В 1940 году Мария Тимофеевна болела и не приехала к сыну. Он в июле, по дороге на манёвры, заехал к ней на два дня. И при этой встрече сын просил Марию Тимофеевну переехать в Киев. После смерти жены жилось ему одиноко, и он всё боялся, что Лёня растёт без женской ласки. Да и огорчало его, что мать в свои семьдесят лет продолжает работать в колхозе, носит от дальнего колодца воду, сама рубит дрова. Она молча слушала его рассуждения, поила его чаем в саду под яблоней, которую при нём посадил отец, а перед вечером пошла с ним на кладбище к могиле отца. На кладбище она сказала:

— Разве я могу отсюда уехать? Тут я и умру. Ты уж прости меня, сынок.

И вот она собралась уходить из родного села. Накануне отъезда она пошла к знакомой старухе. Внук пошёл вместе с ней. Они подошли к хате и увидели, что ворота настежь открыты, во дворе стоял одноглазый старик Василий Карпович, колхозный пастух. Возле него, опустив хвост, юлила рыжая хозяйская собачка.

— Та Тимофеевна уже уихалы, — сказал Василий Карпович. — Воны думали, вы с утра поихалы.

— Нет, мы завтра поедем, — сказал Лёня. — Нам председатель дал лошадей.

Закат солнца освещал начавшие розоветь помидоры, сложенные заботливой рукой хозяйки на подоконнике. Солнце освещало пышные цветы, радовавшиеся в палисаднике, фруктовые деревца, обмазанные белым, с подпорочками под ветвями. На перекладине забора лежала аккуратно выструганная рогулька, которой запирались ворота; в огороде среди зелёной ботвы желтели гарбузы, виднелись созревшие початки кукурузы, стручки бобов и гороха, кругло смотрел черноглазый подсолнух.

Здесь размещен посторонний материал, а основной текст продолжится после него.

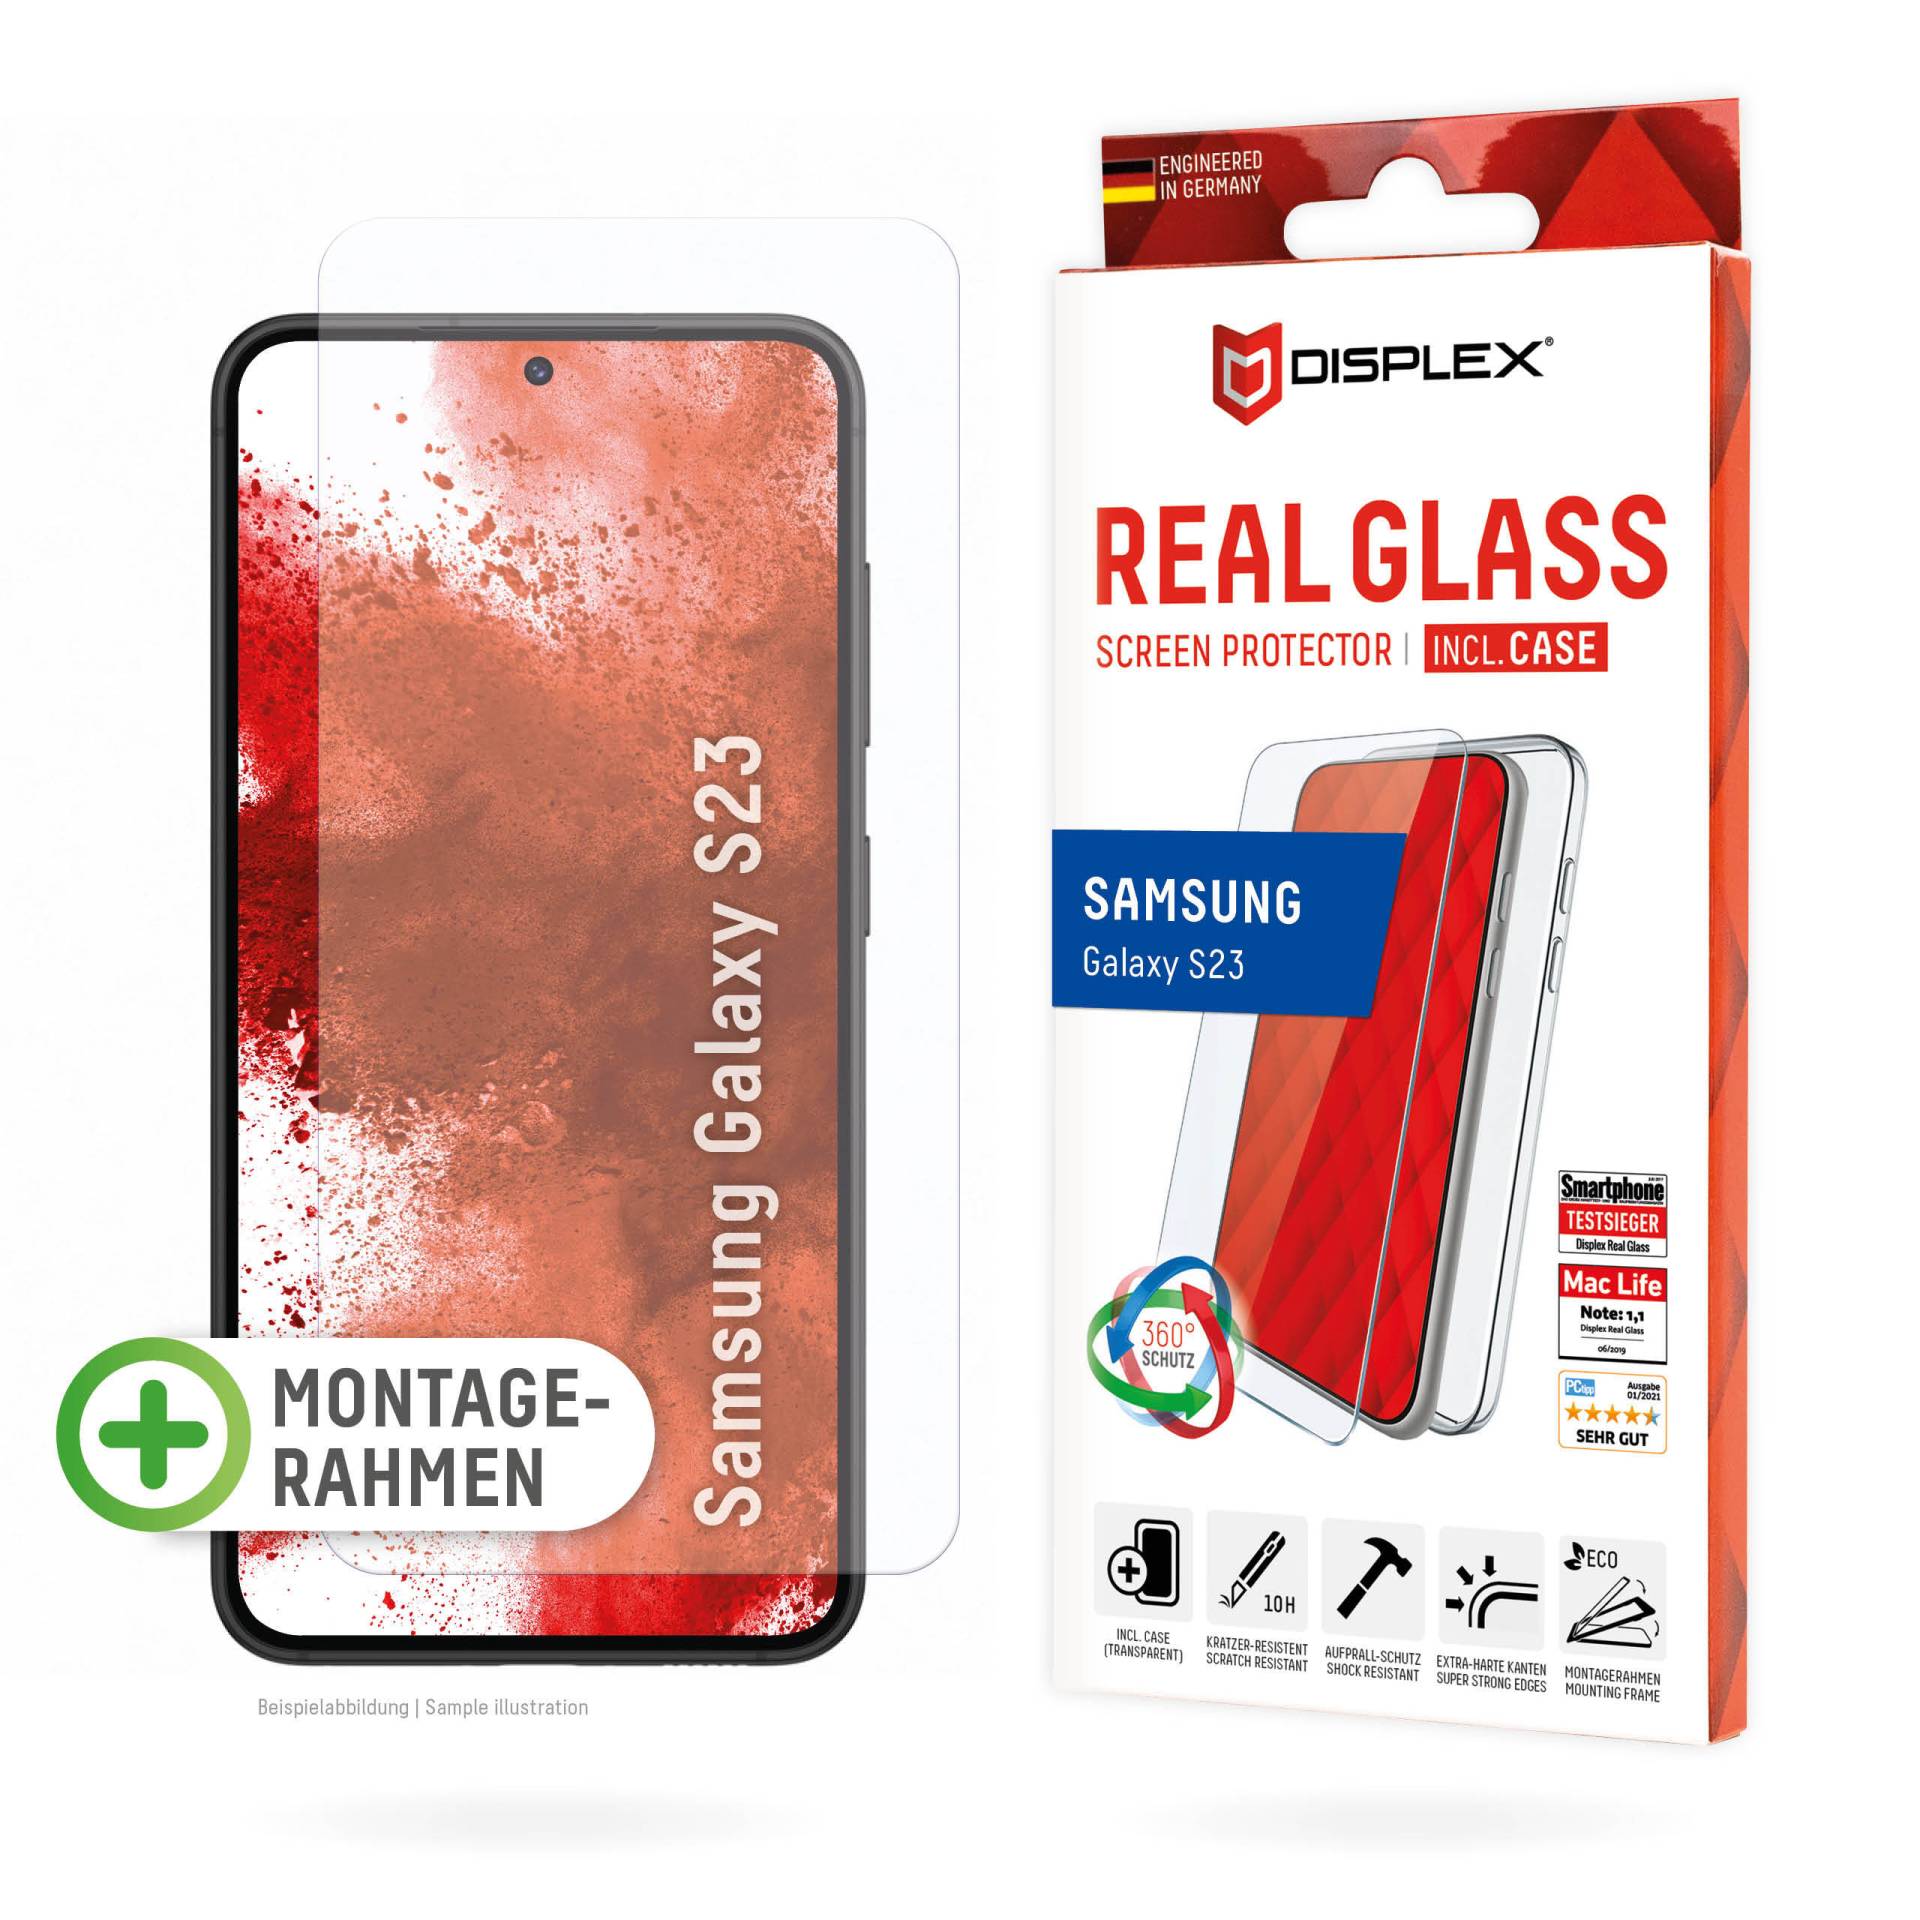 DISPLEX Panzerglas (10H) + Schutzhülle für Samsung Galaxy S23, Schutzhülle, Eco-Montagerahmen, kratzer-resistente Glasschutzfolie von Displex

Мария Тимофеевна прошла в покинутый дом. И здесь всё носило следы мирной жизни, любви хозяев к чистоте и к цветам: на подоконниках стояли курчавые розочки, в углу — большой темнолиственный фикус, на комоде — лимон и два вазона с тоненькими ростками финиковой пальмы. И всё, всё в доме, — и кухонный стол с чёрными круглыми следами горячих чугунов, зелёный подвесной умывальник с нарисованной на нём белой ромашкой, буфетик с чашечками, из которых никто никогда не пил, тёмные картины на стенах — всё, всё говорило о долгой жизни, шедшей в этой брошенной хате, о деде, бабке, о детях, оставивших на столе учебник «Родная литература», о тихих зимних и летних вечерах. И тысячи таких белых украинских хат стояли пустыми, и хозяева, строившие их, взрастившие вокруг них деревья, шли хмурясь, пыля сапогами по дорогам, ведущим на восток.

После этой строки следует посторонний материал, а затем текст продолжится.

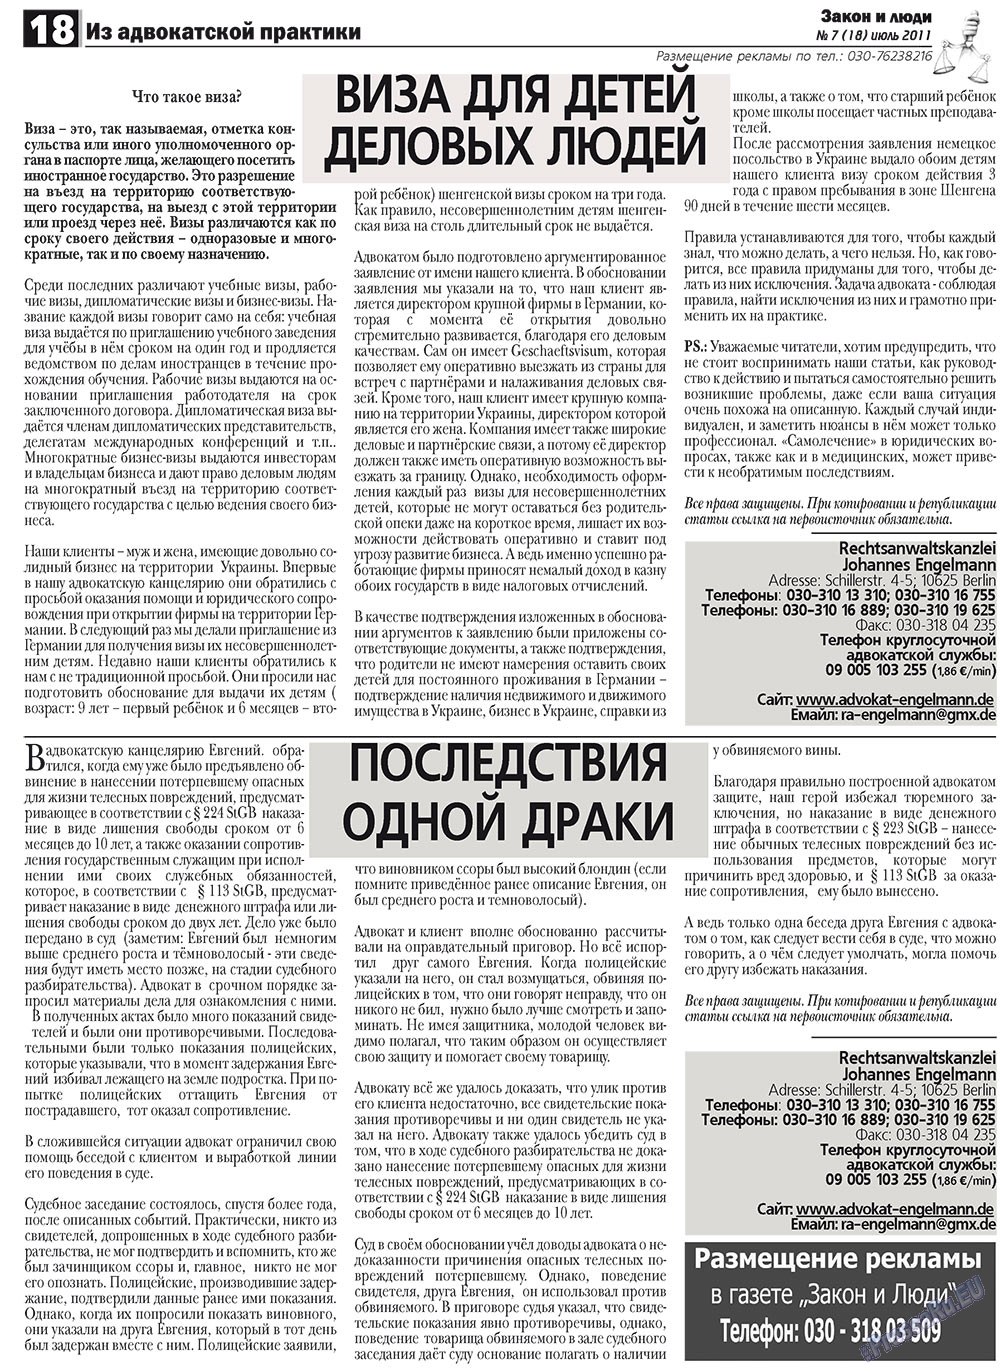 Закон и люди (газета). 2011 год, номер 7, стр. 18

— Дедушка, а собаку оставили? — спросил Лёня.

— Не захотилы его взять, я его буду годувать, — сказал старик и заплакал.

— Ну, чого плакать? — спросила Мария Тимофеевна.

— А, чого, чого, — сказал старик и махнул рукой.

И этим тяжёлым движением руки с чёрными, изуродованными трудом ногтями выразил он, как рухнула вся жизнь.

Мария Тимофеевна, торопясь, пошла к дому, и бледный худенький Лёня едва поспевал за ней и спрашивал:

— Бабушка, а как ты думаешь, есть у курицы позвоночный столб?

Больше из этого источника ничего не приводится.